I had dinner with Geoffrey Hinton and Yoshua Bengio a few weeks back, and I left full of ideas – and wine, also. Now I’m fitting a massive model for early and intermediate visual areas which involves major spiffiness and about 100 hours of data (!).
Stochastic gradient descent is one optimization algorithm which can scale to giant datasets. Here’s a slideshow on the subject by Leon Bottou. The key slide is #37: how to choose the learning rate:
Turns out the learning rate does not change with the sample size, so it’s possible at any epoch to choose a learning rate based on a small subsample of the data. And just like that, you’ve just eliminated a hyperparameter in the optimization. Very nice!

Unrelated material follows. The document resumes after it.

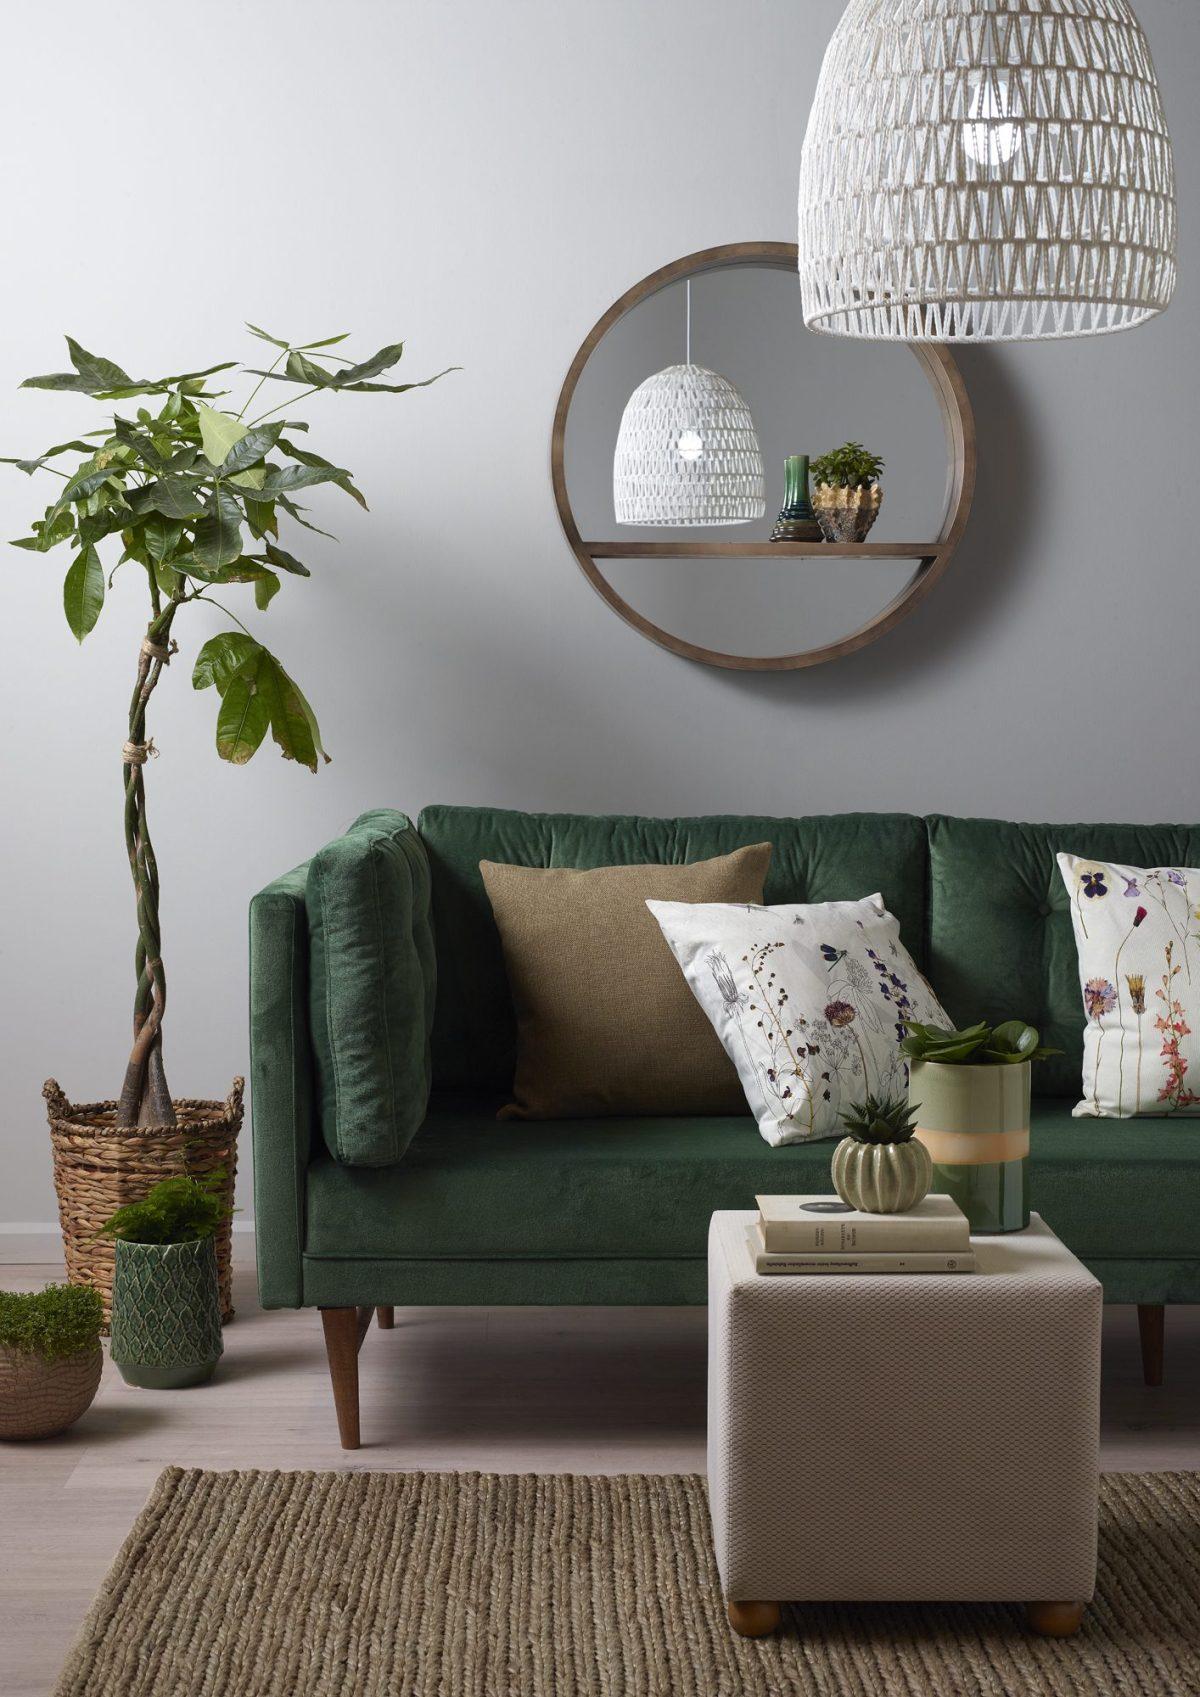 Modern oturma odası dekorasyonu.

Also of note: this old school paper by Yann LeCun on neural net training tips and tricks.
you can have a adaptive learning rate as in “Cai, Xun, Kanishka Tyagi, and Michael T. Manry. “Training multilayer perceptron by using optimal input normalization.” Fuzzy Systems (FUZZ), 2011 IEEE International Conference on. IEEE, 2011.”
it works way better than heuristic.
Btw, Yoshua Bengio has a more recent ‘tricks-of-the-trade’ type of report on arxiv, “Practical recommendations for gradient-based training of deep architectures” (http://arxiv.org/abs/1206.5533)
I love this trick!